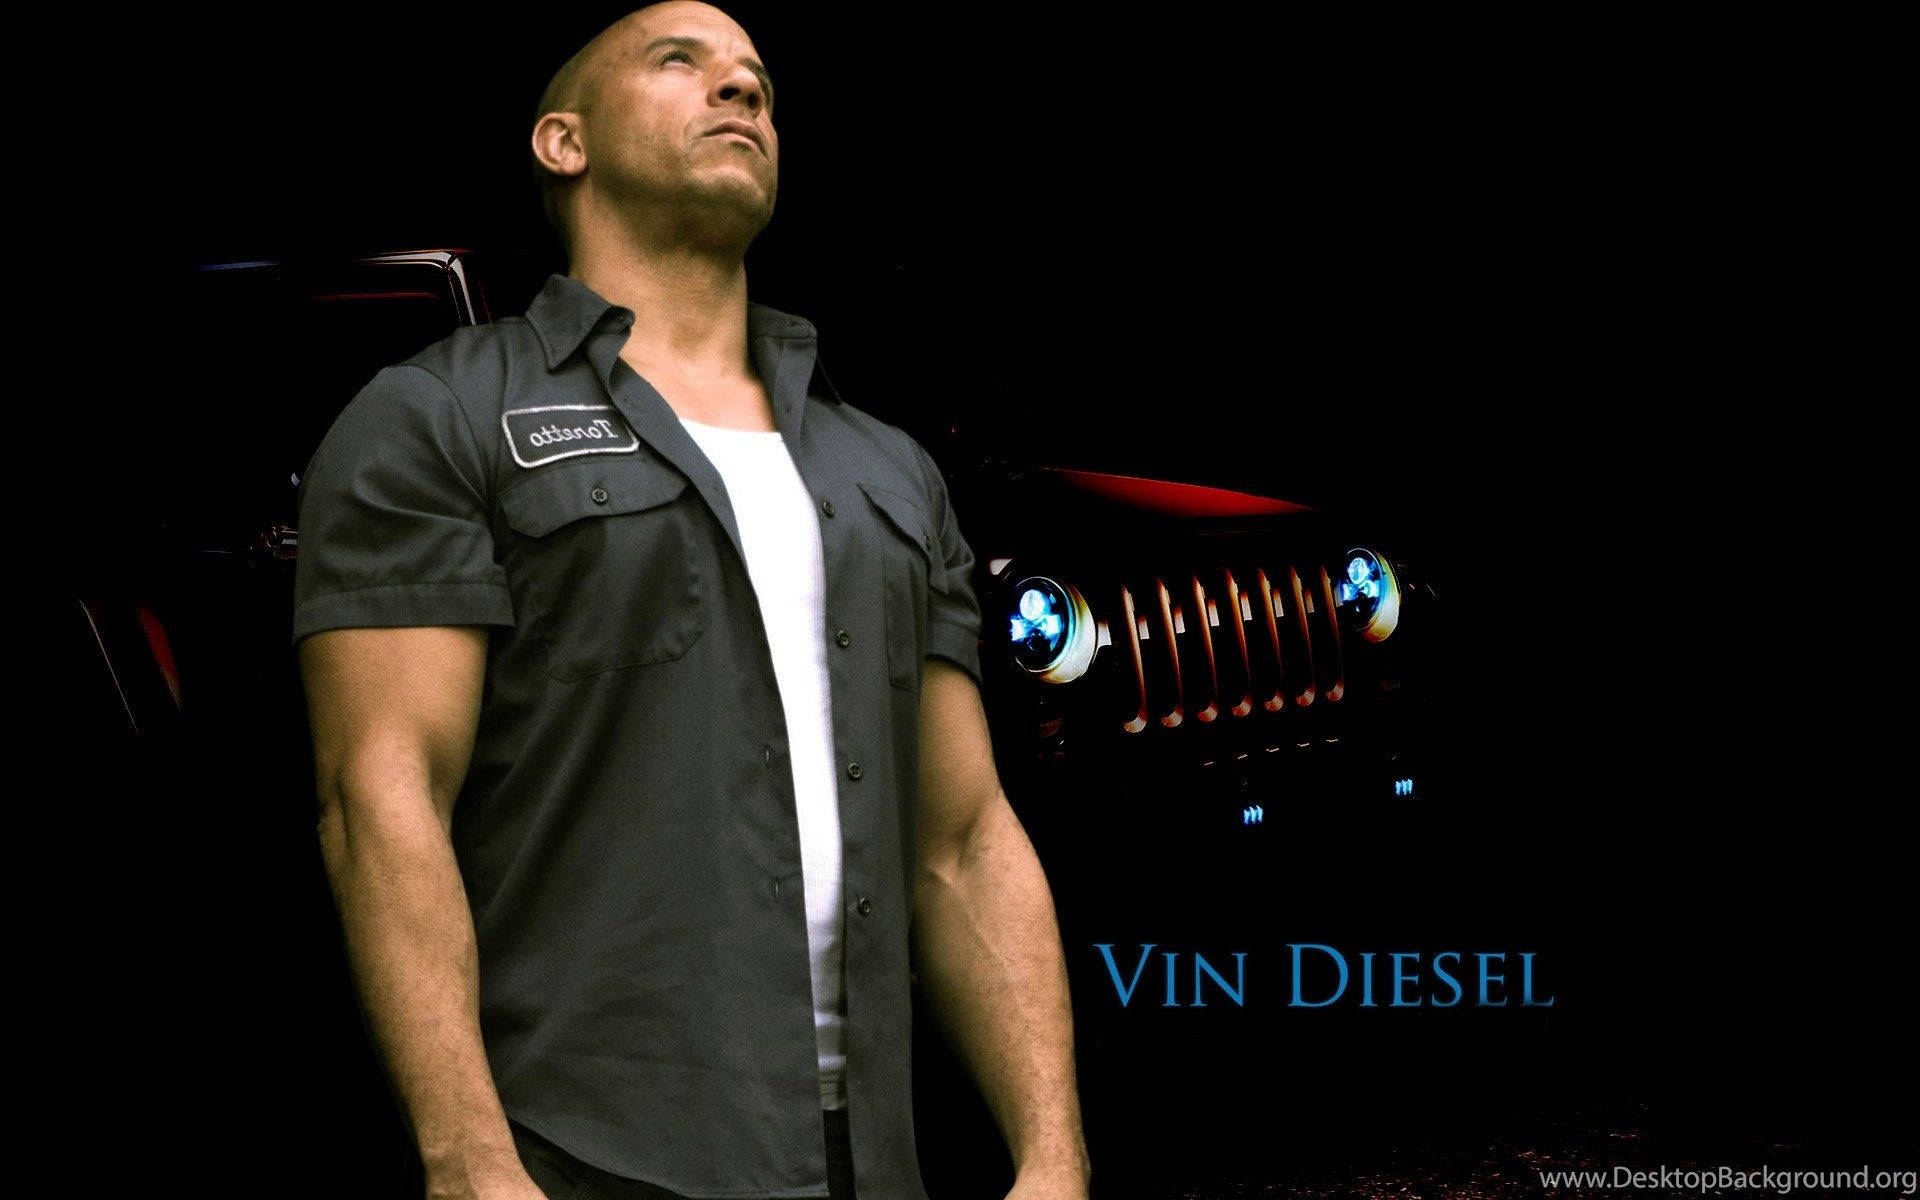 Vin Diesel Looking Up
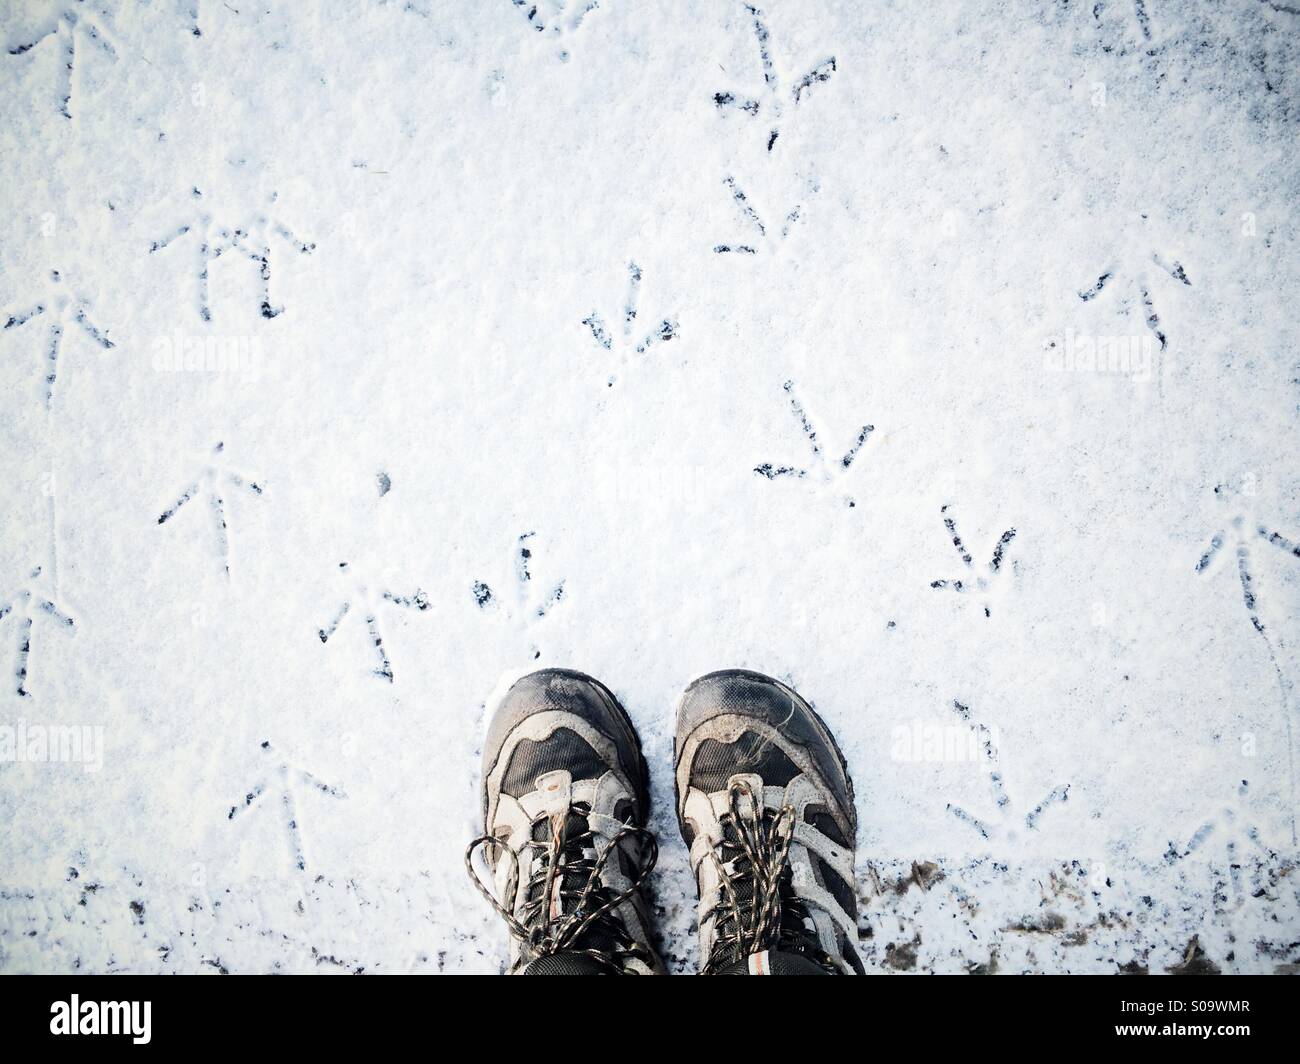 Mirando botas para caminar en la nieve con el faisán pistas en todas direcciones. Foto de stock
* * *
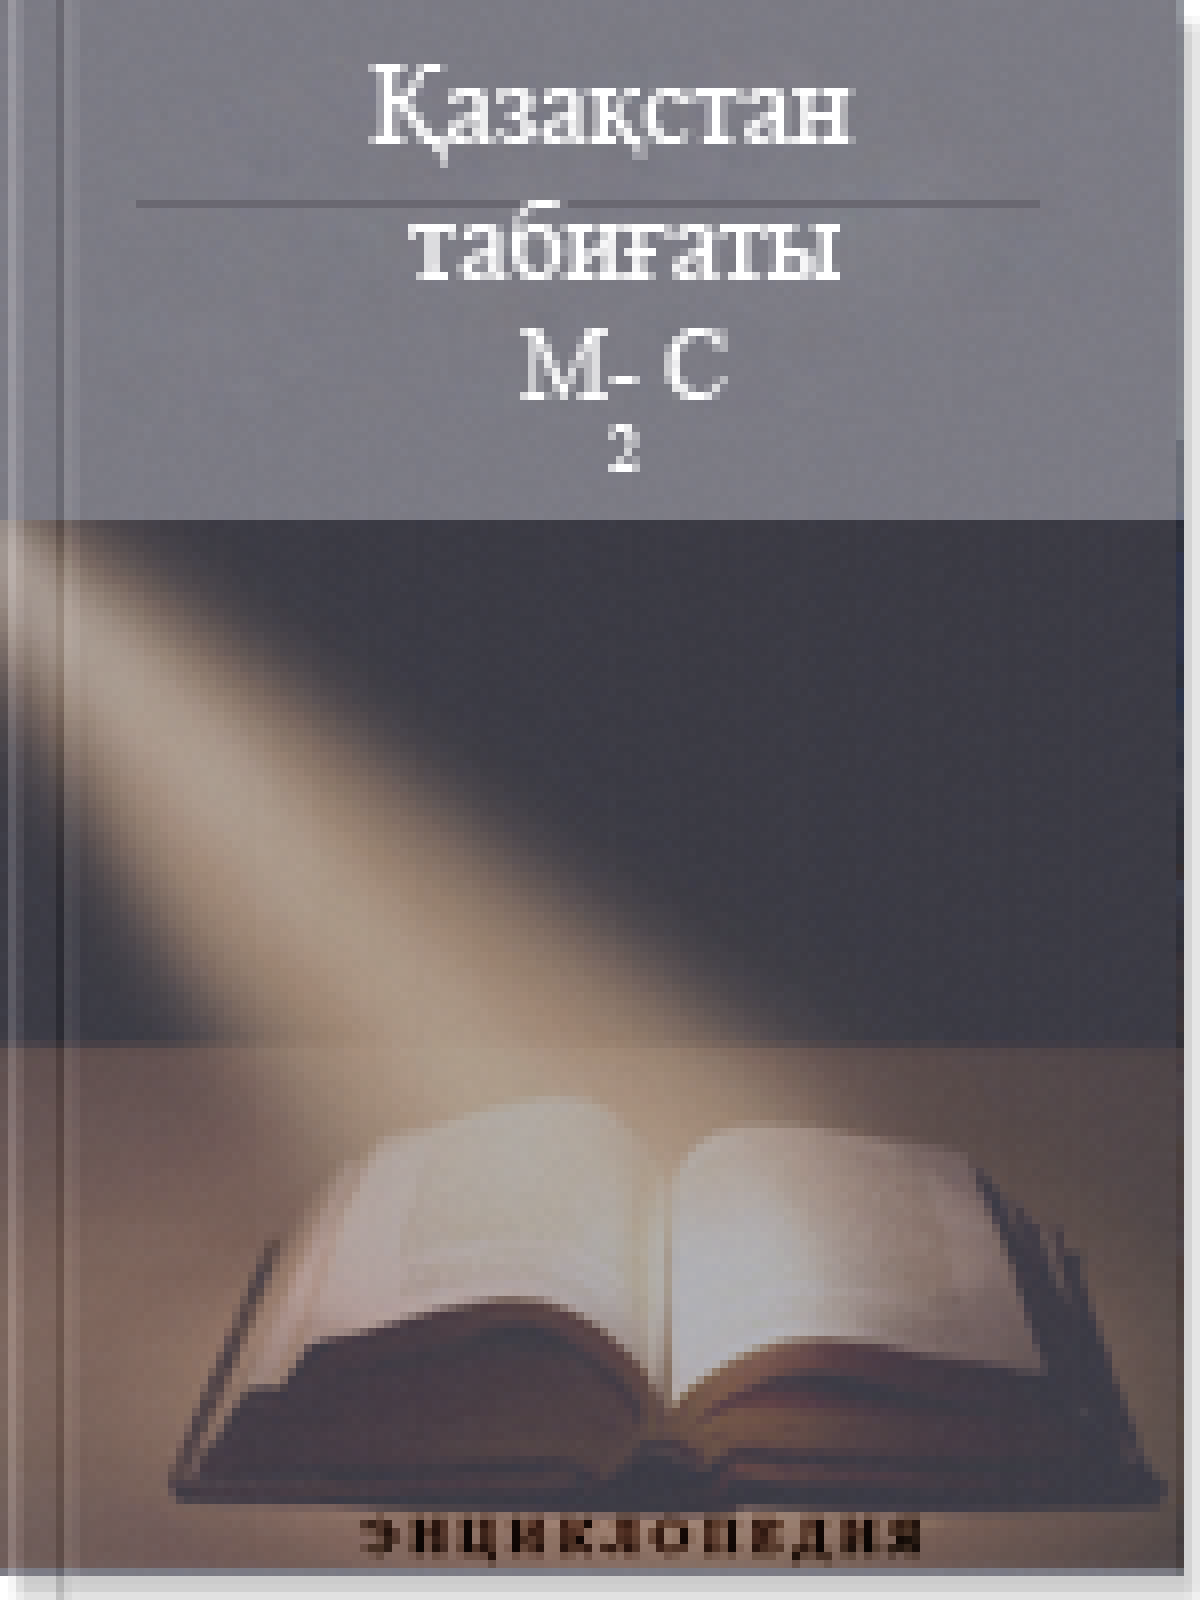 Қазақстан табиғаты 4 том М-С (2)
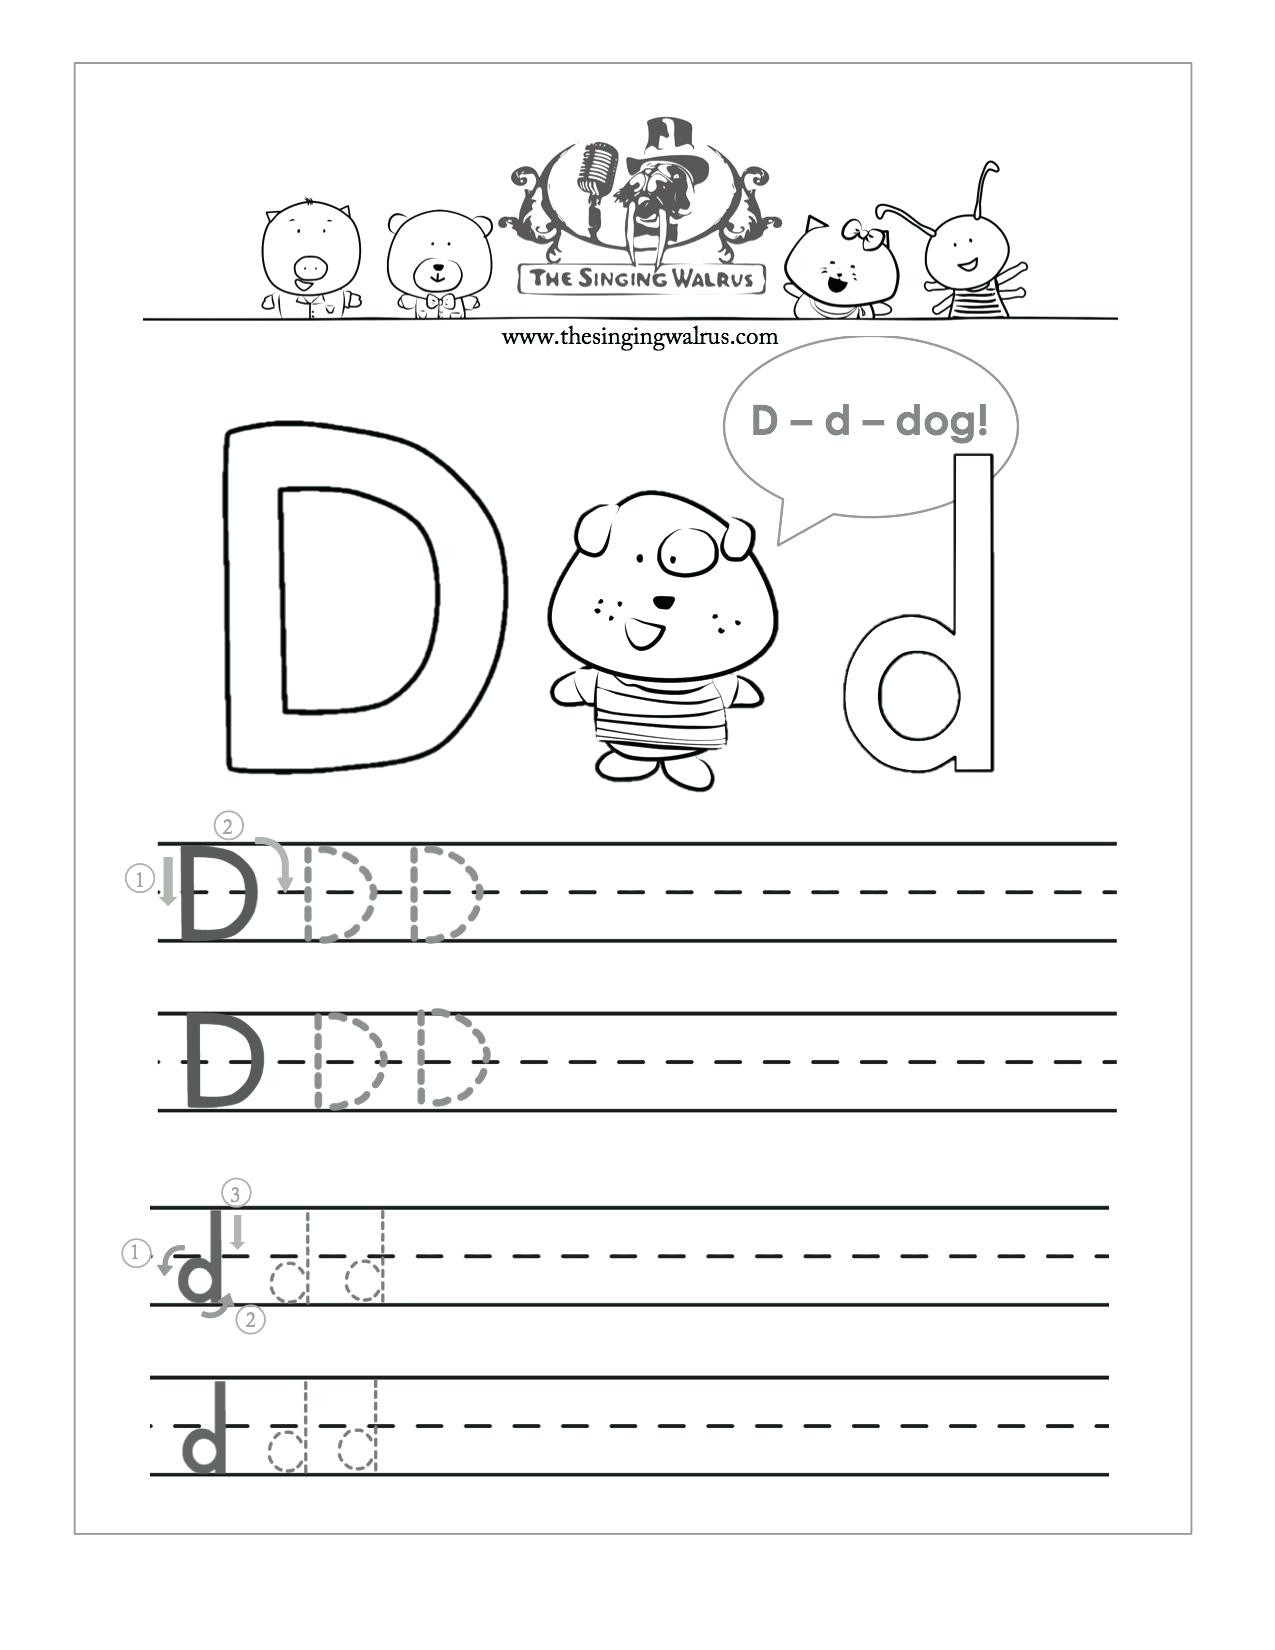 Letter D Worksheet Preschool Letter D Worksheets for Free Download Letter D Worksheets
==
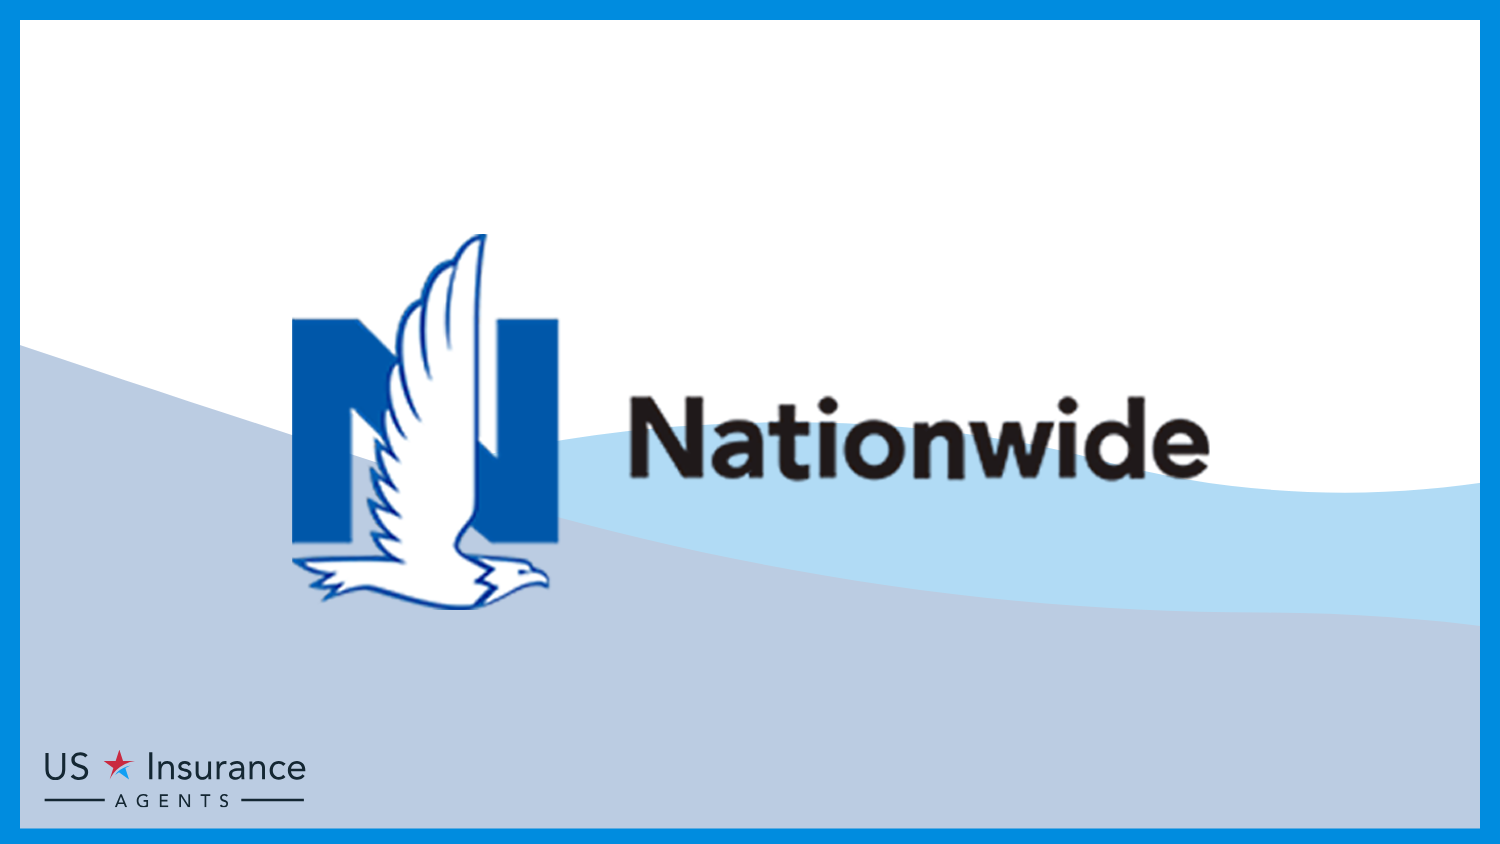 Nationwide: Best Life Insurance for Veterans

What you should do: Beginning with the line above that contains "Vin Diesel Looking Up" and finishing with the line that contains "Mirando botas para", print those lines exactly and only. Skip all pictures.

Result of the exercise:
 Vin Diesel Looking Up
 Mirando botas para caminar en la nieve con el faisán pistas en todas direcciones. Foto de stock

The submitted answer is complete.